Ora, eu conheço muitos americanos que têm uma mente aberta no que a questões sexuais diz respeito mas, infelismente, a sua sociedade não é aberta. Chamo a isto a primeira lei do Puritanismo: o todo é mais puritano do que as partes. (...) A segunda lei é que a repressão sexual é mais difícil de ver do lado de dentro do que do lado de fora. Os americanos estão habituados a viver num país onde as casas de banho se chamam «restrooms», onde nem mesmo os ginecologistas observam os seus pacientes nus, onde se pode ser presa por amamentar em público, onde as «pinups» aparecem em fatos de banho e onde os comediantes chocam as audiências, provocando risos convulsivos, mencionando apenas o nome de uma parte tabu do corpo. Eles não se dão conta o quanto tudo isto parece estranho quando visto do exteri0r. Uma excepção possível está nos americanos que viajaram para o estrangeiro e que poderão ter visitado uma casa de banho Japonesa onde é obrigatório retirar toda a roupa mesmo na presença do sexo oposto. P0dem ter visto a prostituição livre e aberta em Amesterdão e Hamburgo ou ter encontrado pessoas que, no que toca à vida sexual dos seus lideres, simplesmente encolhem os seus ombros."
(Waal, The Ape and the Shushi Master, Basic books, 2001, p.134-135 tr. de LFB)

The Ape and the Sushi Master, de Frans de Waal

Um livro que revoluciona a forma como os seres humanos se pensam a si próprios e o modo como vêm a sua relação com os outros animais.
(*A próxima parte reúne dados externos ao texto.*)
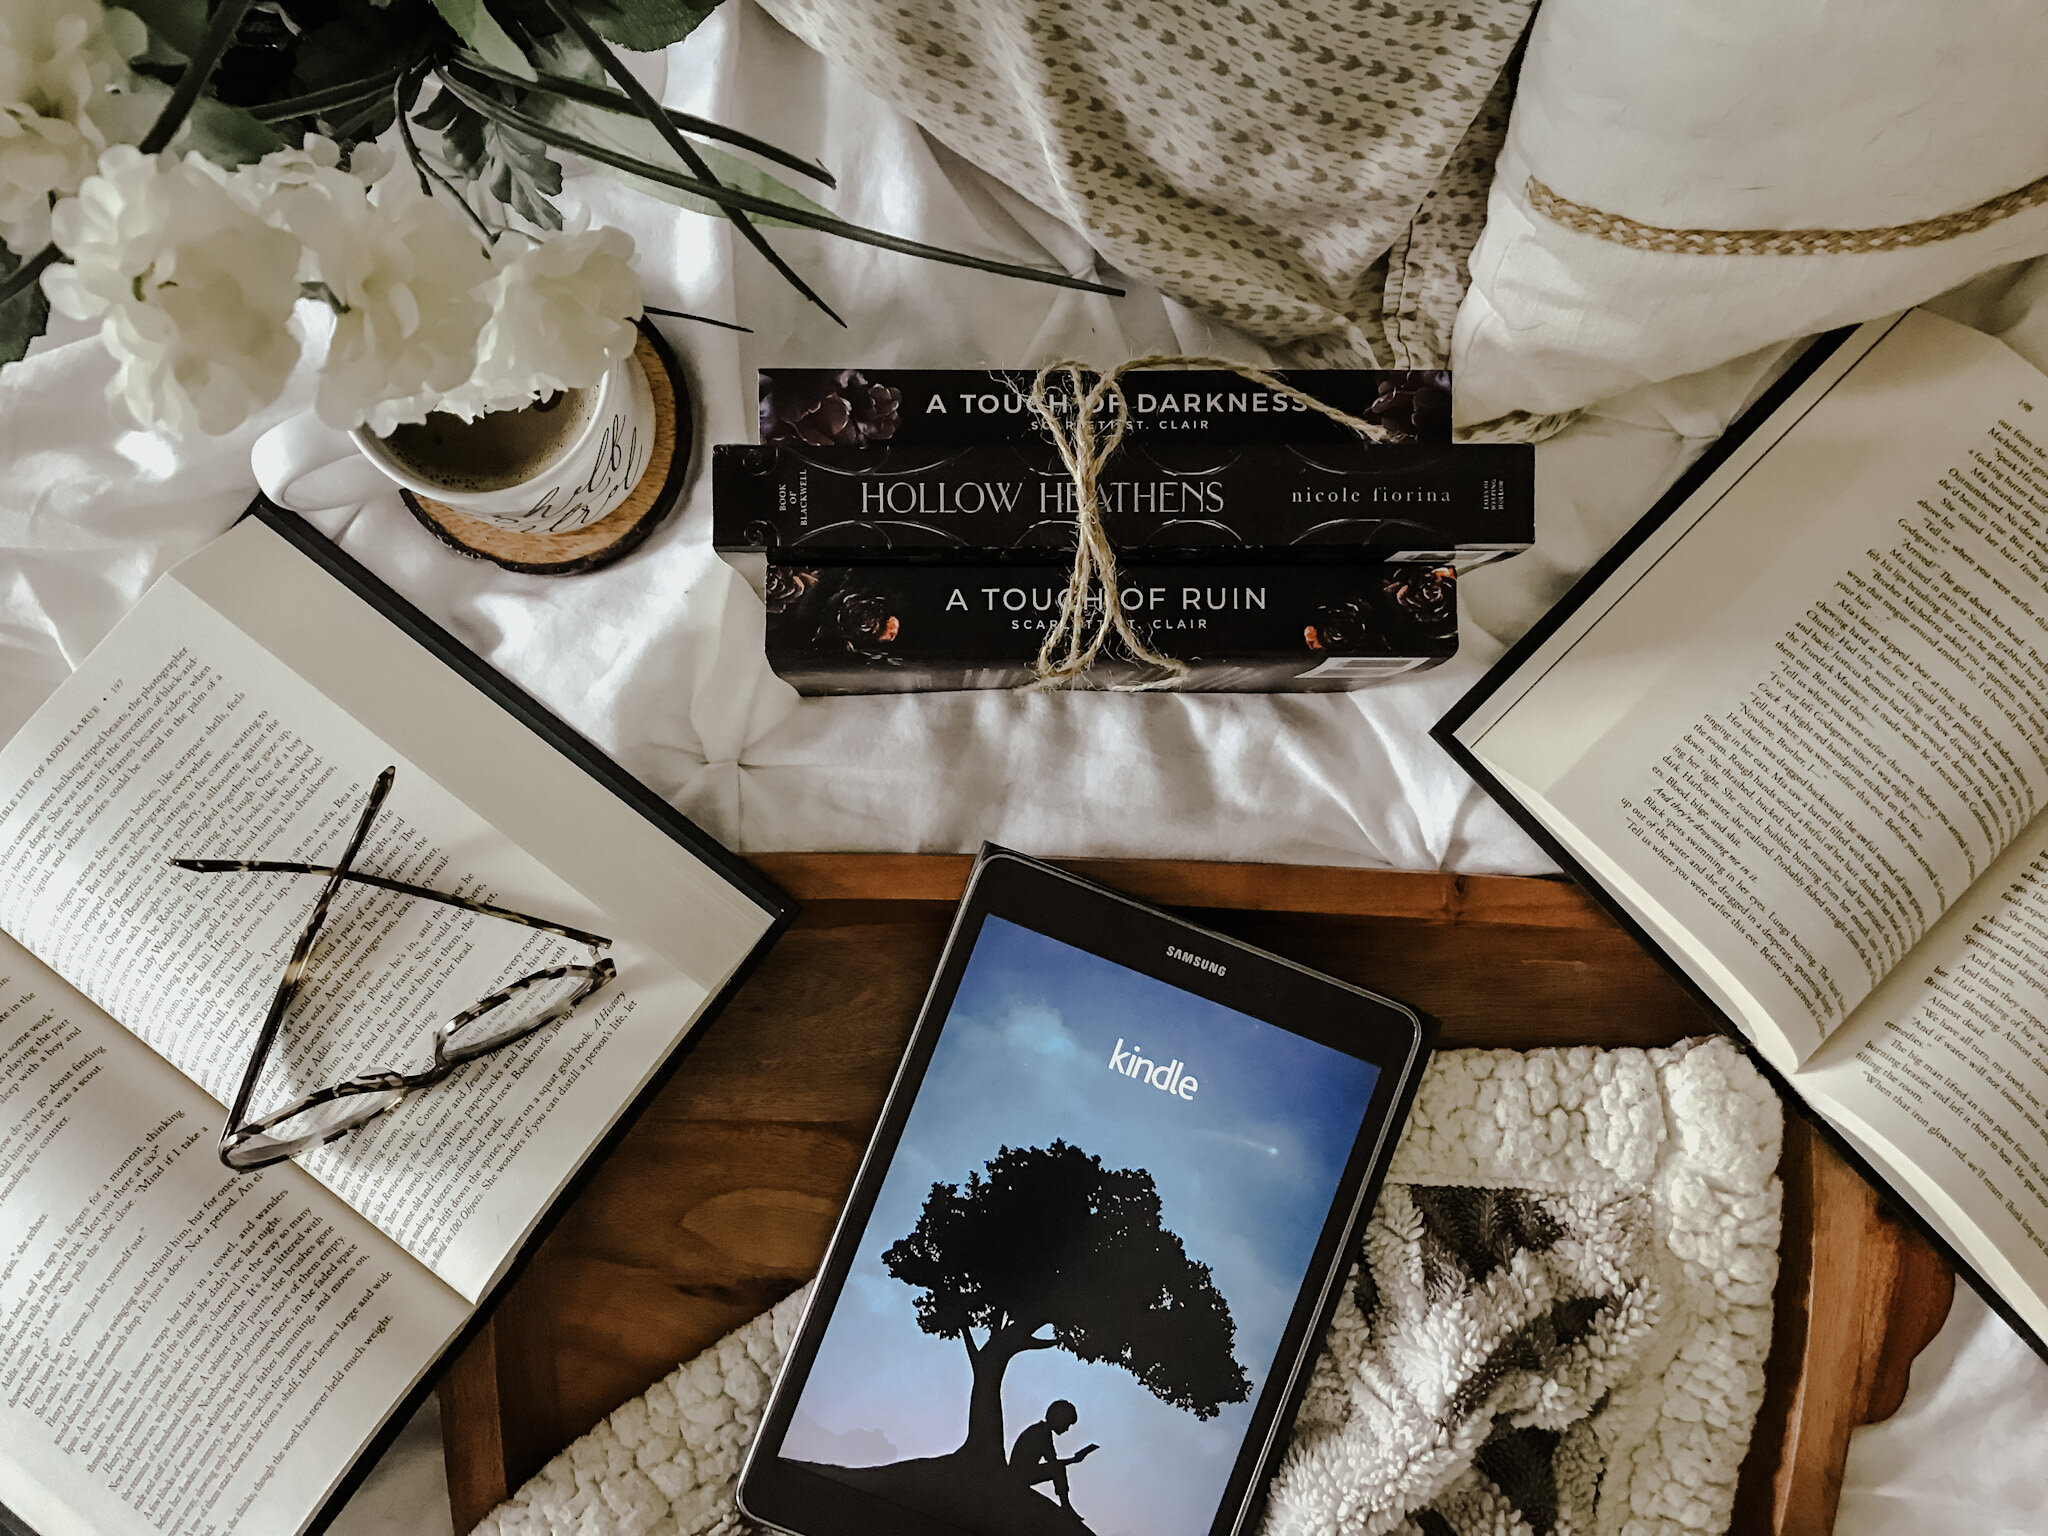 The Best Kindle Unlimited Romance Books with Fall Vibes

O livro está organizado em três grandes secções: uma dedicada ao modo como os seres humanos vêem os outros animais. Outra parte é sobre a questão de saber se a cultura existe na natureza ou se é apenas pertença dos seres humanos. Será a cultura aquilo que permite separá-los das restantes espécies? Não, é a resposta de Waal. Inúmeros exemplos de cultura não-humana são discutidos, desde os macacos da ilha de Koshima no Japão que lavam/salgam as batatas doces na praia passando pelos chimpanzés que aprendem entre si a quebrar sementes de palmeira, até aos pássaros (blue tit) que aprendem entre si a abrir o selo de alumínio das antigas garrafas de leite para beberem a nata. A definição de cultura usada é a seguinte: cultura é todo "o conhecimento e os hábitos adquiridos de outros " (p.6).

Uma terceira parte do livro é reservada para a discussão da natureza humana e, em particular a questão do altruísmo vs egoísmo.
Tentarei, futuramente, dar mais informações sobre o livro.